US companies dominate the Top 100
The arms sales of the 40 US companies in the listing totalled 299 dollars billion in 2021, the research further explains. North America was the only region to see a drop in arms sales compared with 2020. The 0.8 per cent real-term decline was partly due to high inflation in the US economy during 2021.
Since 2018, the top five companies in the Top 100 have all been based in the USA.
A recent wave of mergers and acquisitions in the US arms industry continued in 2021. One of the most significant acquisitions was Peraton’s purchase of Perspecta, a government IT specialist, for 7.1 billion US dollars.
Private equity companies are becoming more active in the arms industry, particularly in the USA. This could affect the transparency of arms sales data, due to less stringent financial reporting requirements compared with public companies, according to the report.
Chinese companies drive rapid growth in Asian arms sales
The combined arms sales of the 21 companies in Asia and Oceania included in the Top 100 reached 136 billion US dollars in 2021—5.8 % more than in 2020, SIPRI reports. The eight Chinese arms companies in the listing had total arms sales of 109 billion dollars, a 6.3% increase.
There has been a wave of consolidation in the Chinese arms industry since the mid-2010s, said Xiao Liang, a researcher with the SIPRI Military Expenditure and Arms Production Programme. In 2021 this saw China’s CSSC becoming the biggest military shipbuilder in the world, with arms sales of 11.1 billion US dollars, after a merger between two existing companies.

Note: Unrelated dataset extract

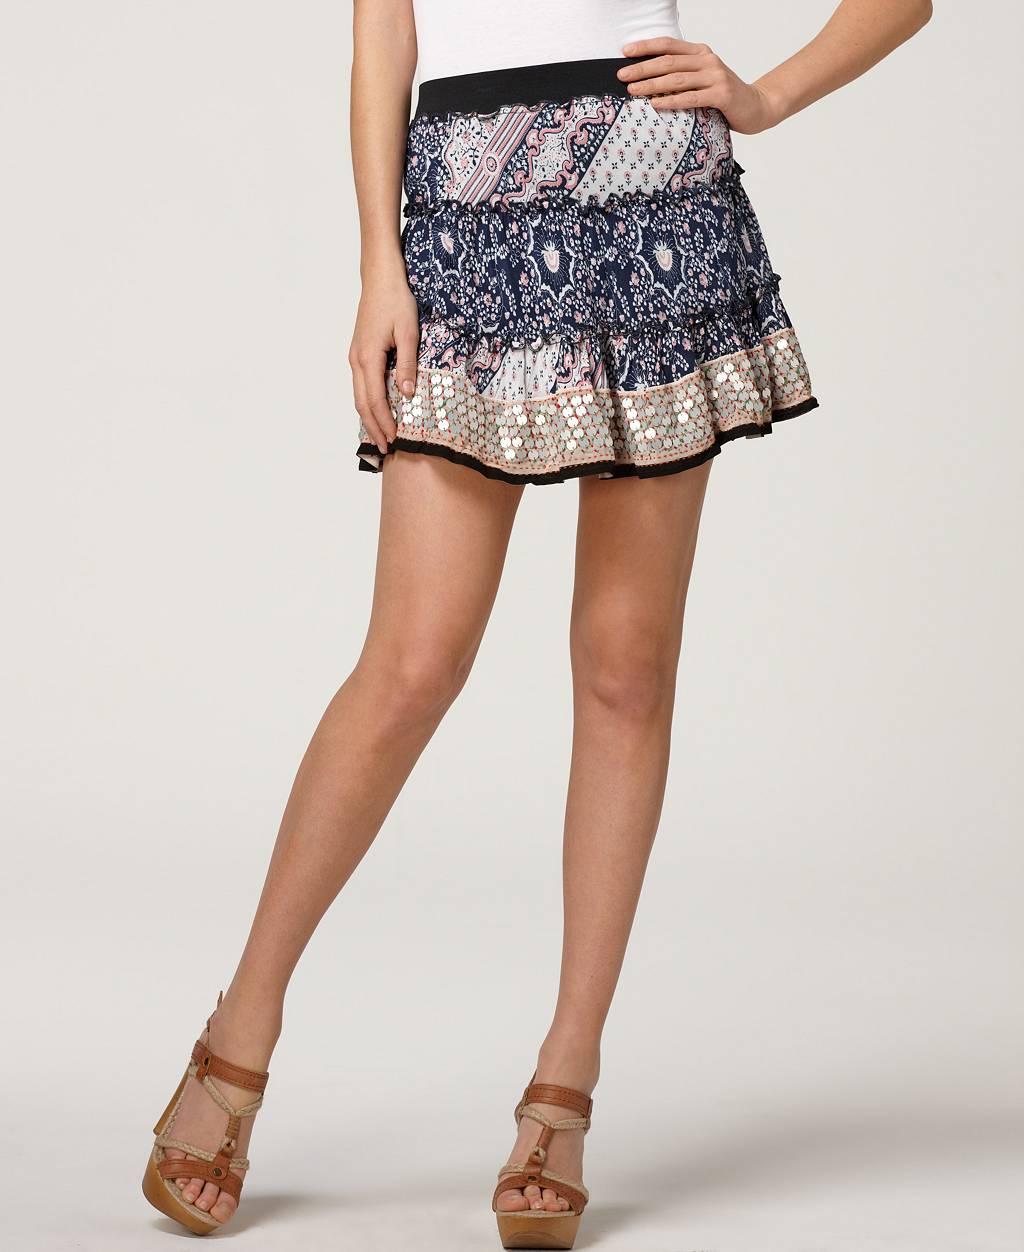 Фото красивых девушек с короткими юбками 9 фотография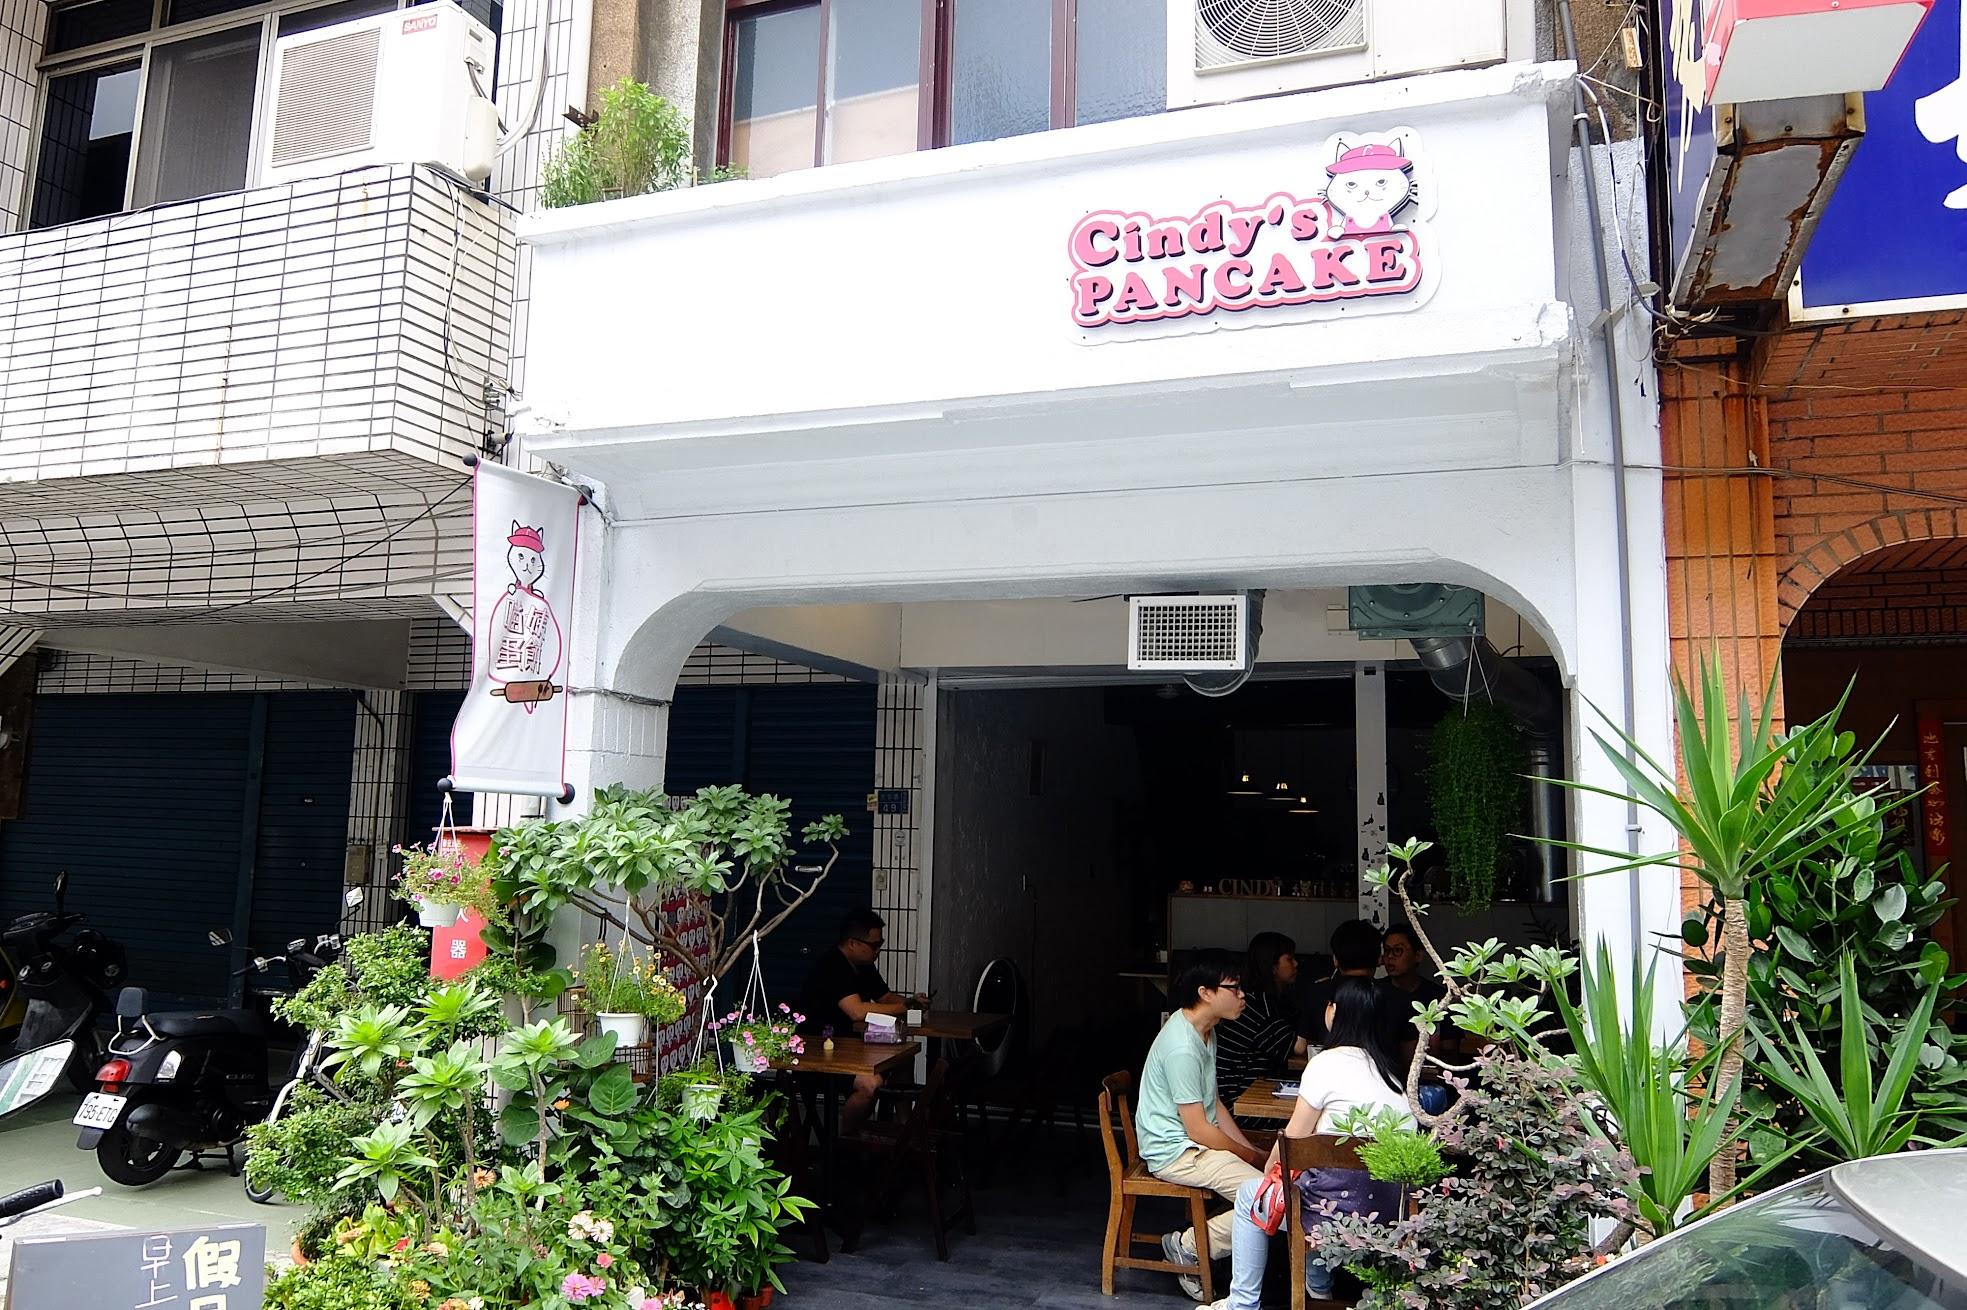 第一次經過以為是飲料店或鬆餅店,結果是蛋餅店XD

Europe, Russian and the Middle East among the top 100
In 2021 there were 27 Top 100 companies headquartered in Europe. Their combined arms sales increased by 4.2% compared with 2020, reaching 123 billion US dollars.
Meanwhile, six Russian companies are included in the Top 100 for 2021. Their arms sales totalled 17.8 billion US dollars—an increase of only 0.4% over 2020. There were signs that stagnation was widespread across the Russian arms industry, reports SIPRI.
And the five Top 100 companies based in the Middle East generated 15.0 billion US dollars in arms sales in 2021. This was a 6.5% increase compared with 2020, the fastest pace of growth of all regions represented in the Top 100.